Author Response File: Author Response.pdf

Round 3

Reviewer 2 Report

The author can add some content to the discussion section as appropriate.

Author Response

Answer to Reviewer 2.

Thank very much for reviewing our paper and by the helpful comments about it.  We have revised our paper according to your comments.

  1. The author can add some content to the discussion section as appropriate.

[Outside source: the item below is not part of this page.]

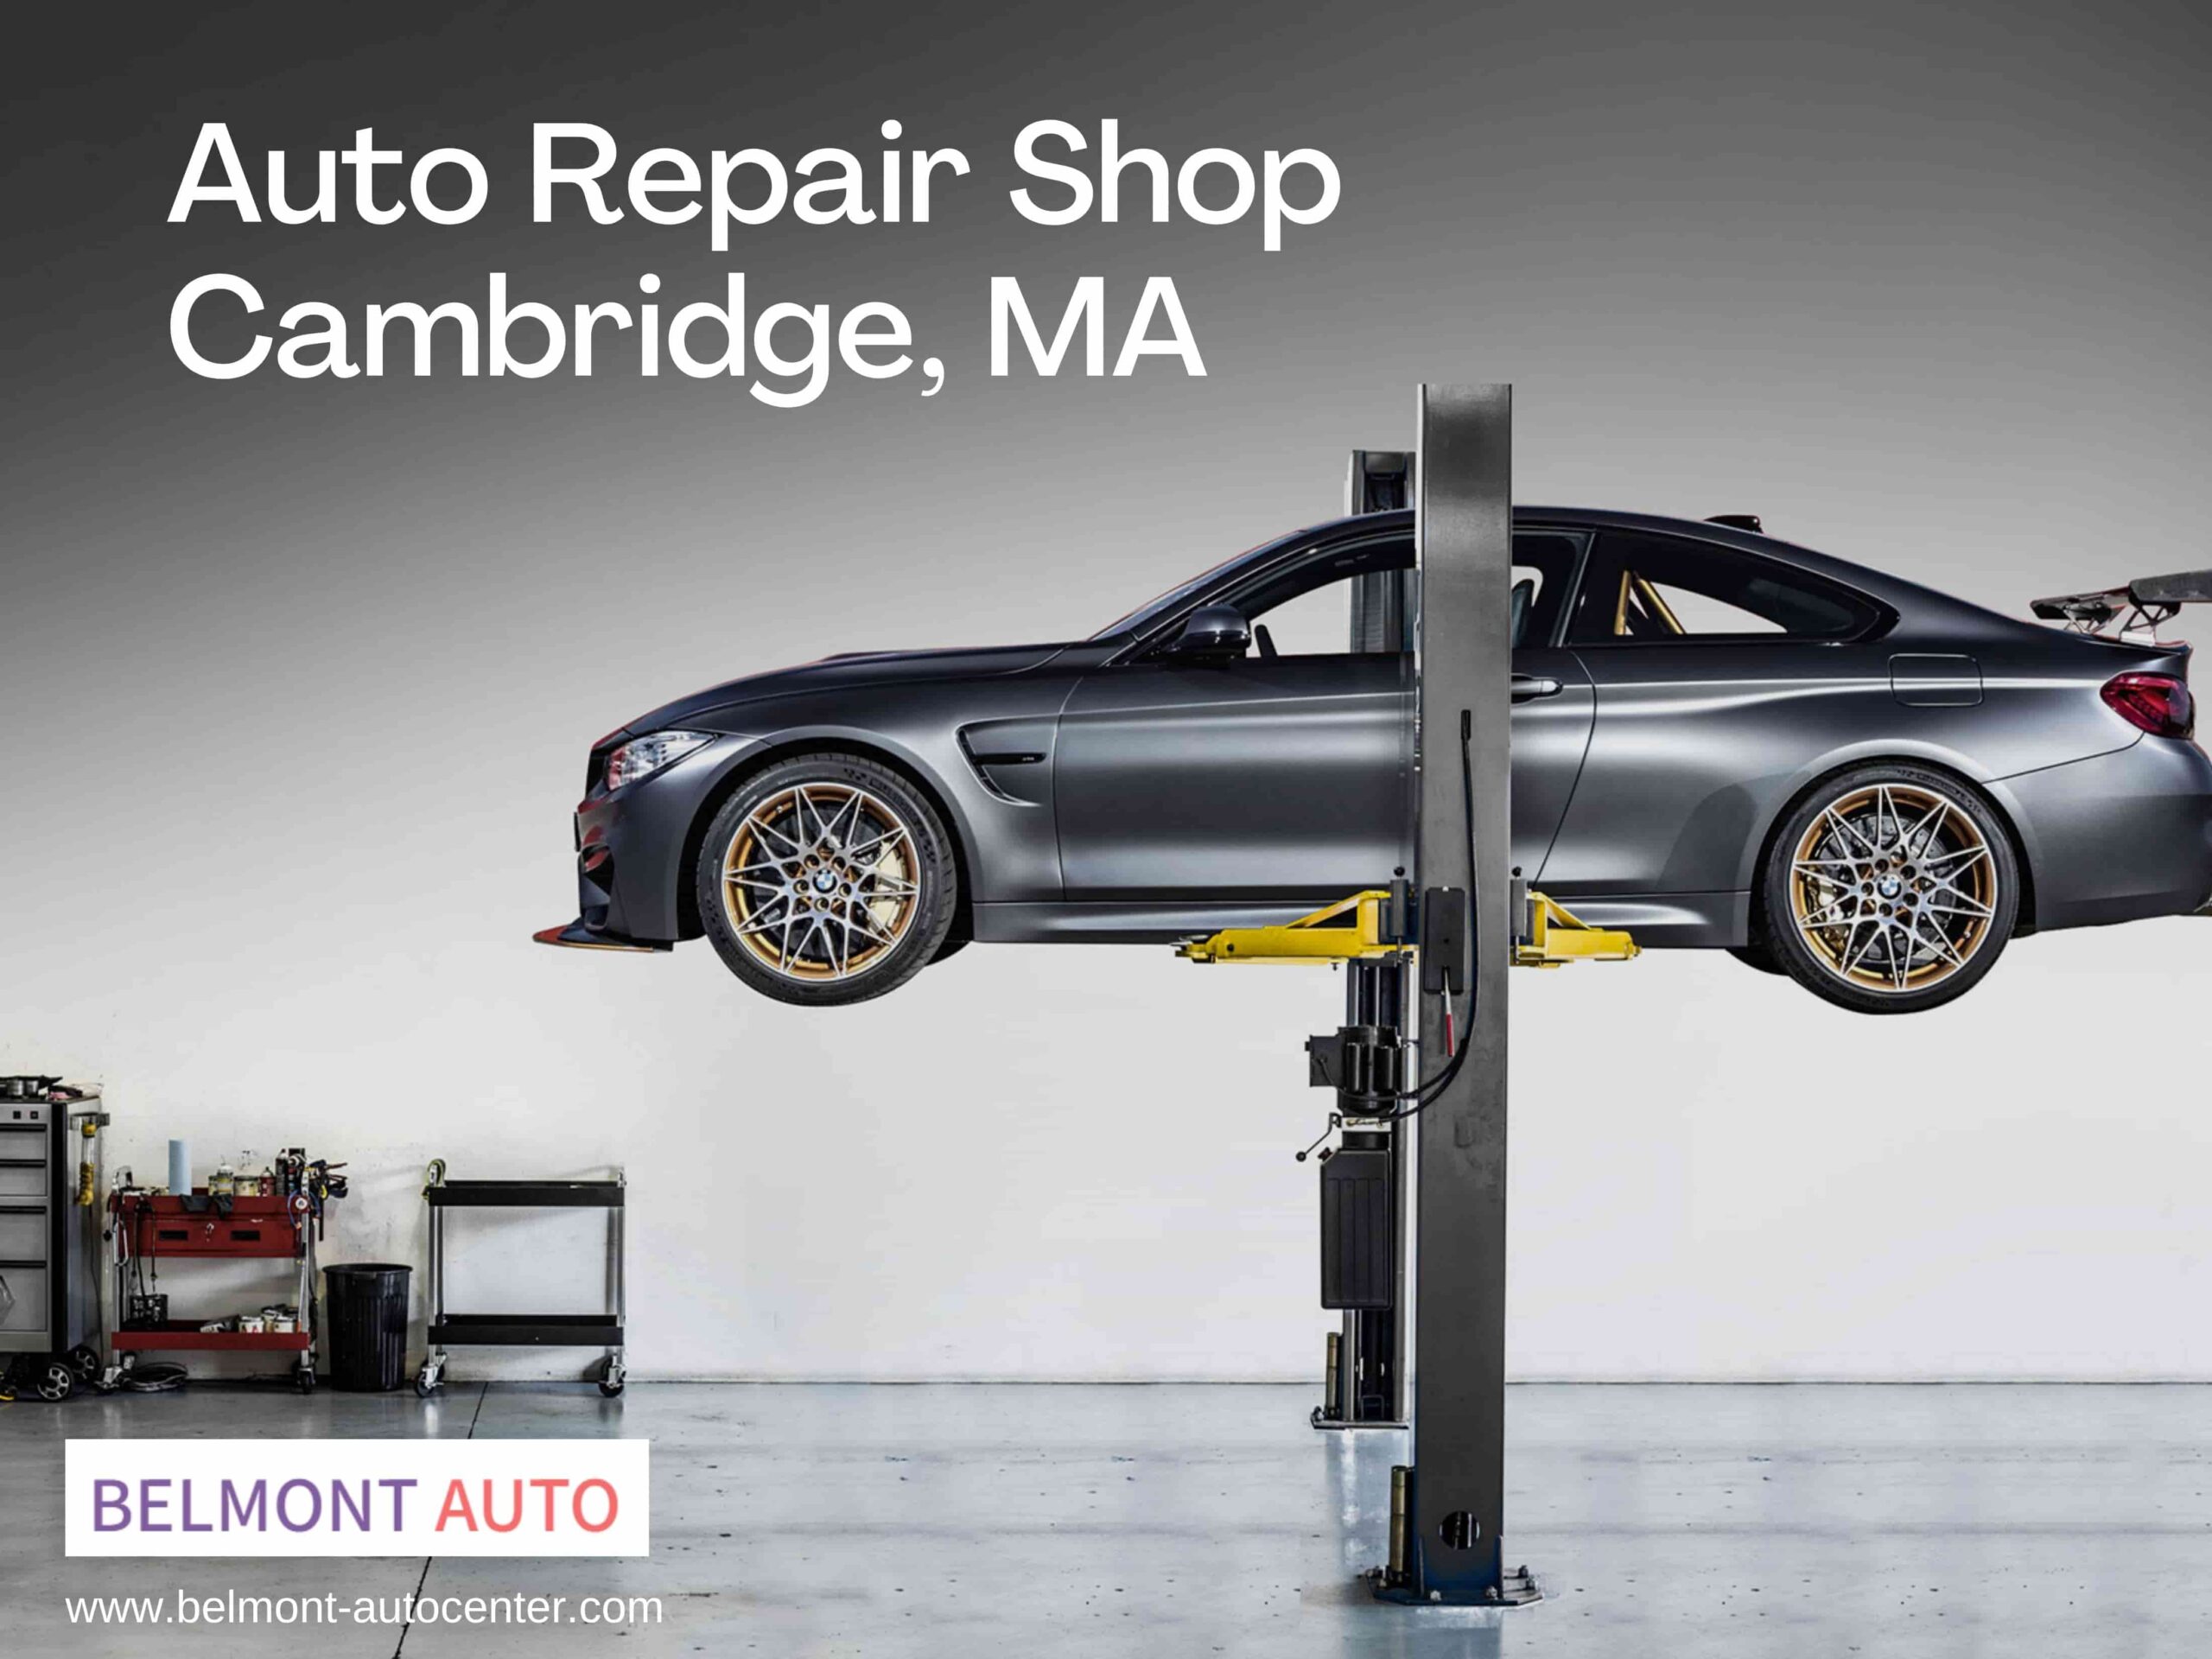 Auto Repair Shop in Cambridge, Ma Car Mechanic BelmontAuto Center

Thank for your comments attending them the paper was modified as follows.  The discussion section has been modified as follows:

 

  1. Discussion

One of the main drawbacks of Jukebox occurs when it is required to generate long samples. This is because it loses temporal traditional structure, which is essential in music as we perceive it. Music structures like choruses that repeat or question-answer like melodies cannot be generated with longer samplers. Some other token based autoregressive models have dealt with this issue as AudioLM and MusicLM [30, 39]. Even though in such cases, music and audio is conditioned on text and melody instead of lyrics and they do not focus on singed music. In the future, experimenting with semantic tokens proposed by these two mentioned models with Jukebox transformer architecture could be the key to create longer coherence music sequences.  Also, using distillation to reduce conditional Transformer parameters is on our future scope. Conditional training has the need of a paired data dataset, which is troublesome to obtain if it is based on copyright content. Making possible to use unpaired data for training models conditioned on lyrics and metadata are also in our scope.

Another aspect is the categorical distribution modeling. The categorical non-continuous distribution is non derivable so it cannot be used in methods like normalizing flows as in Parallel Wavenet [23]. Training transformer-like architectures for modeling discrete gaussians or logical distributions is being a source of research in our days. Finally, we acknowledge progress in audio quality evaluation. Public available models like Trill [40] and VGGish [41] for audio quality metrics are expected to be tested with our model.